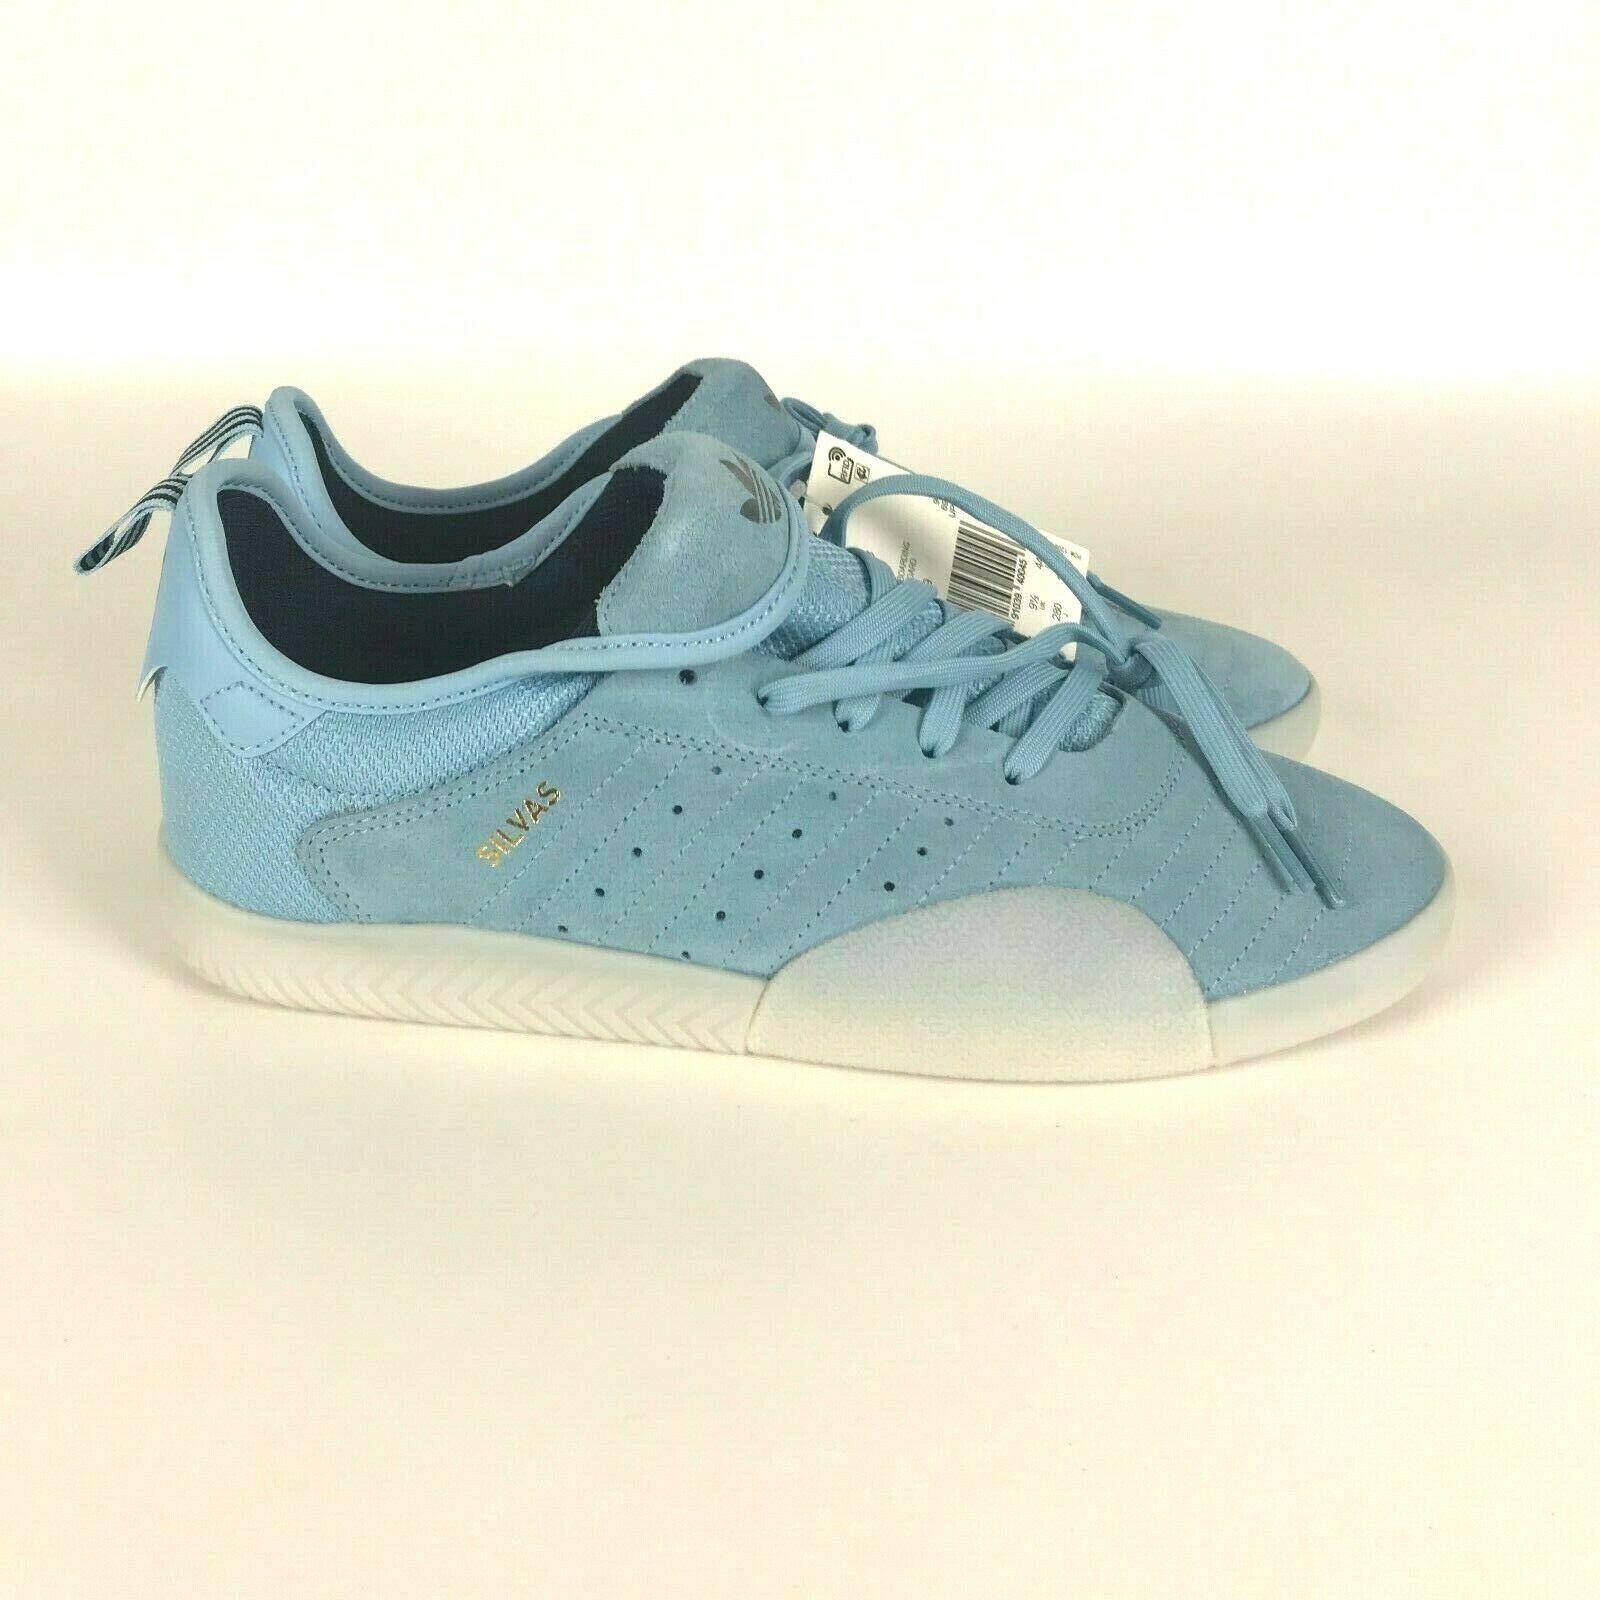 Adidas 3ST.003 Schultaschen Eisblau Gold Schwarz Herren Schuhe B42259
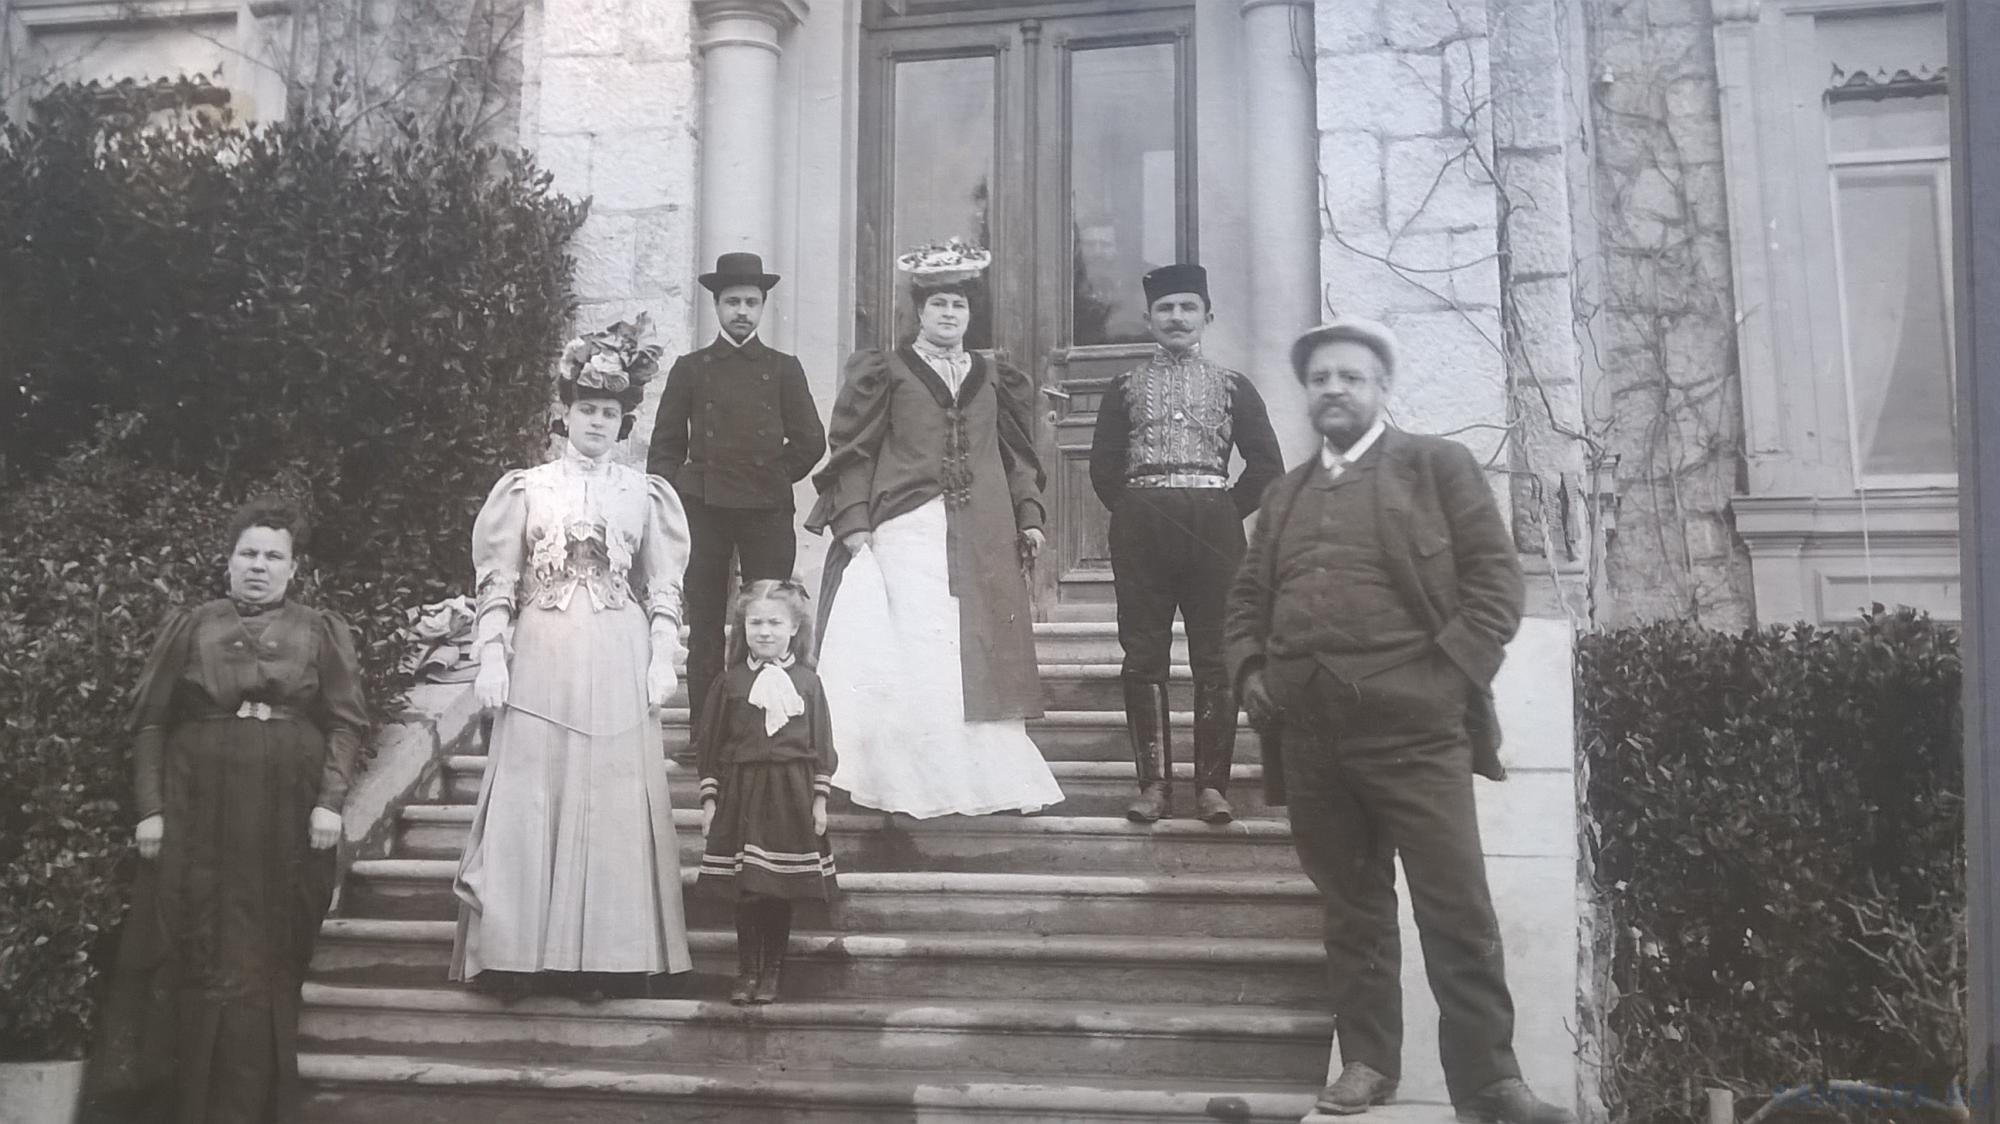 Семья чиновника возле Ливадийского дворца
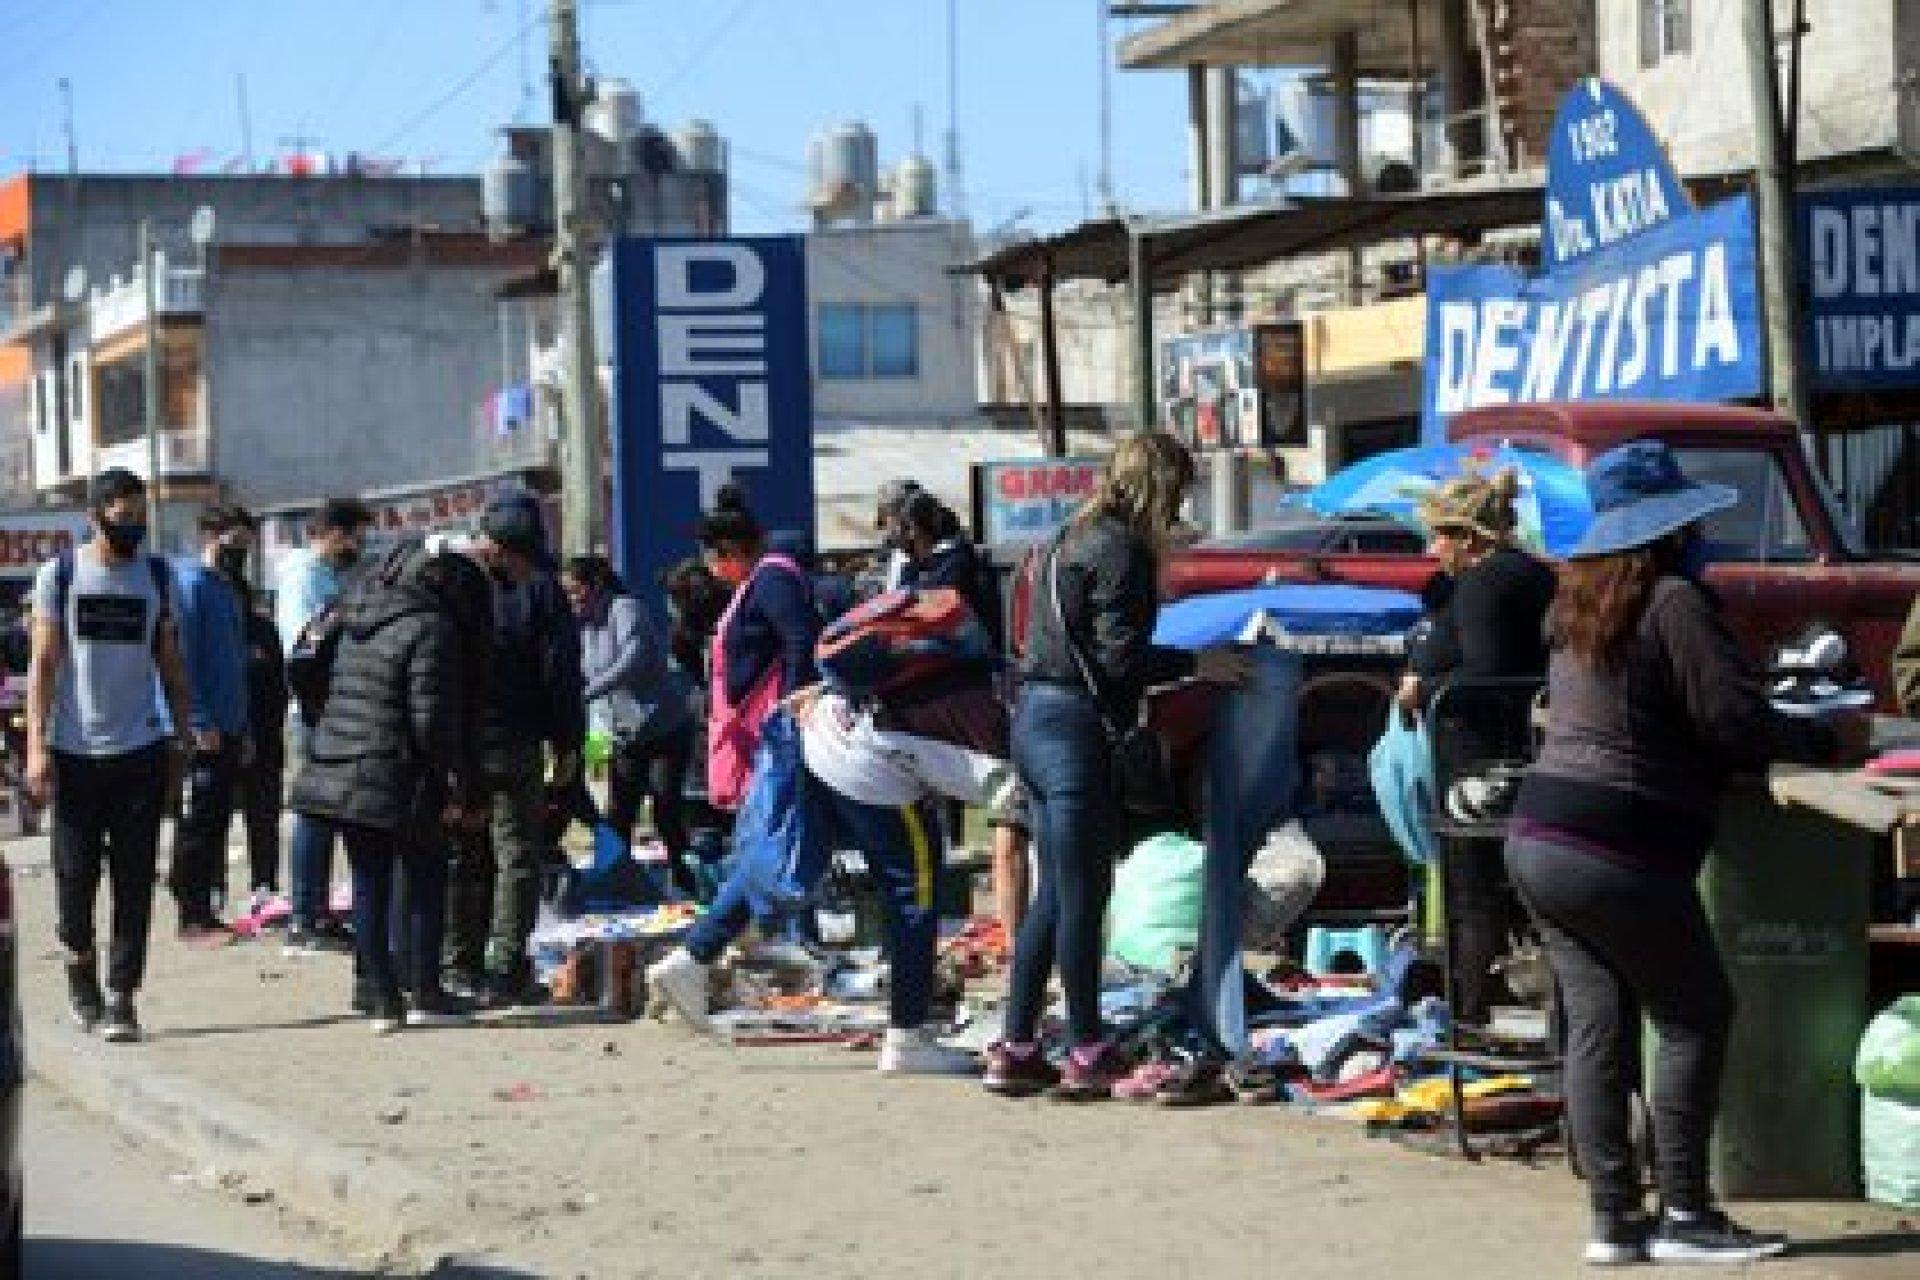 Otra vista de la actividad en las calles del Barrio Olimpo de Lomas de Zamora, con manteros instalados en las veredas

PROBLEM:
Repeat the material above exactly; pictures do not belong in the copy.

RESULT:
 Adidas 3ST.003 Schultaschen Eisblau Gold Schwarz Herren Schuhe B42259
 Семья чиновника возле Ливадийского дворца
 Otra vista de la actividad en las calles del Barrio Olimpo de Lomas de Zamora, con manteros instalados en las veredas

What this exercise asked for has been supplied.